本文记录Scrapy基本使用方法,不涉及框架底层原理说明。
基本命令行语法
创建项目:scrapy startproject xxx
进入项目:cd xxx
创建爬虫:scrapy genspider xxx(爬虫名) xxx.com (爬取域)
生成文件:scrapy crawl xxx -o xxx.json (生成某种类型的文件)
运行爬虫:scrapy crawl XXX
列出所有爬虫:scrapy list
获得配置信息:scrapy settings [options]
下面以一个爬取天气数据的项目为实例进行说明
(1)【命令行输入】
> scrapy startproject weather
>cd weather
>scrapy genspider tianqi tianqihoubao.com
(2)【项目文件初始结构及说明】
文件结构: weatheer --|| weather --|| spider --|| tianqi.py
--|| items.py
--|| middlewares.py
--|| piplines.py
--|| settings.py
--||scrapy.cfg
各个文件以及关键代码:
tianqi.py:
class TianqiSpider(scrapy.Spider):
name = 'tianqi'
allowed_domains = ['tianqihoubao.com']
start_urls = ['http://www.tianqihoubao.com/'] #爬虫初次入口
def parse(self, response):#网页解析
infoSelector = response.xpath('')##使用选择器 :xpath() /css()
info=infoSelector
item=WeatherItem(info=info)
yield item #提交item
###爬取下一页
next_url='';
if(next_url):
yield scrapy.Request(url=next_url,callback=self.parse) #对新url爬取
items.py:
class WeatherItem(scrapy.Item): #来自tianqi.py的数据封装 。
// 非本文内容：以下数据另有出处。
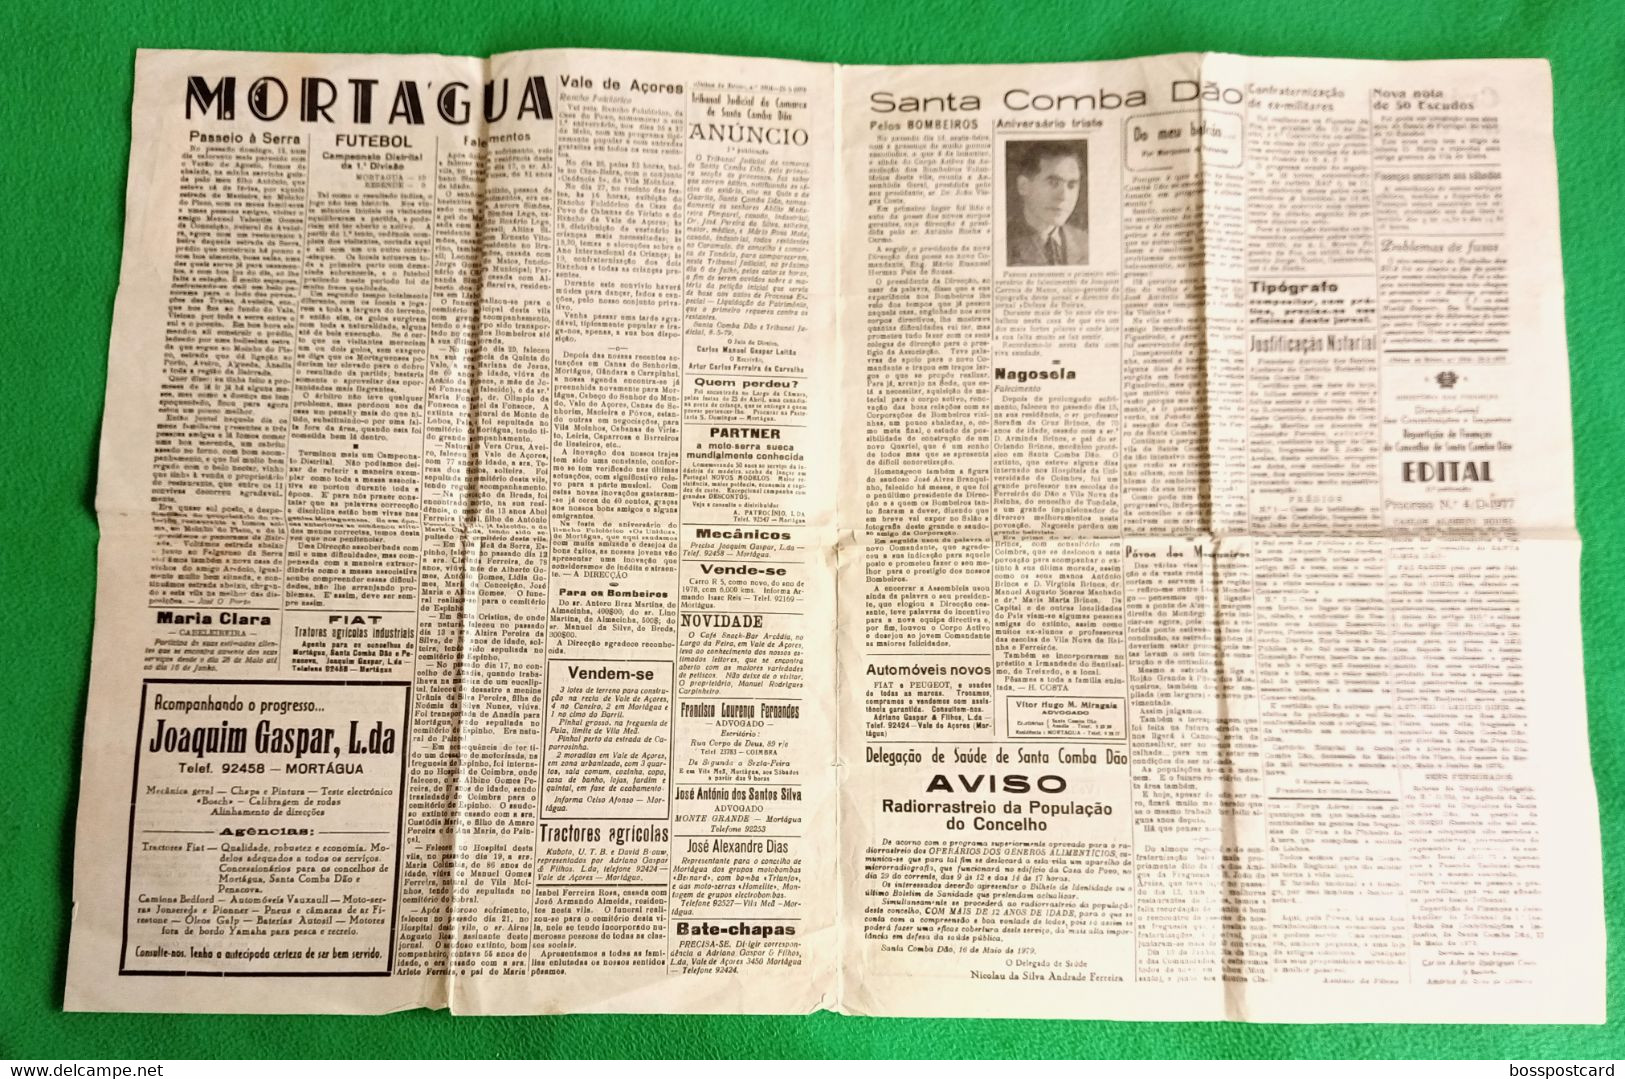 Santa Comba Dão - Jornal "Defesa Da Beira" Nº 1916, 25 De Maio De 1979 - Imprensa. Tábua. Mortágua. Viseu. Portugal. - Informaciones Generales

变量名与tianqi.py中传入item对象的一致
# define the fields for your item here like:
# name = scrapy.Field()
pass
piplines.py:
# #持久化存储item
# # 另外需要在settings.py中激活item pipelines:
# ITEM_PIPELINES = { 'weather.pipelines.WeatherPipeline': 300,}
class WeatherPipeline(object):
def process_item(self, item, spider):
##填入 数据清洗/文件储存代码
return item
(3)最后完整项目源码:
项目功能:爬取江西近一月各地的天气信息,保存JSON格式
tianqi.py:
import scrapy
import re
from weather.items import WeatherItem
class TianqiSpider(scrapy.Spider):
name = 'tianqi'
allowed_domains = ['tianqihoubao.com'] #
start_urls = ['http://www.tianqihoubao.com/weather/province.aspx?id=360000'] #爬虫初次入口
def parse(self, response):#网页解析1
names = response.xpath('//tr/td/a/text()').extract()##使用选择器 :xpath() /css()
urls = response.xpath('//tr/td/a/@href').extract()
for i in range(0,len(names)):
place=names[i]
next_url = 'http://www.tianqihoubao.com/weather/'+urls[i]
if (next_url):
yield scrapy.Request(url=next_url, callback=self.parse_detail) # 对新url爬取
def parse_detail(self,response):
place=response.xpath('//table/tr[3]/td[1]/b/text()').extract_first()
print("================================开始爬取【",place,"】天气=================================")
tr = response.xpath('//table/tr')
weatherList=[]
for i in range(2,len(tr)):
wea = {}
wea['date']=tr[i].xpath('./td[2]/b/a/text()').extract_first()
s=tr[i].xpath('./td[3]/text()').extract_first()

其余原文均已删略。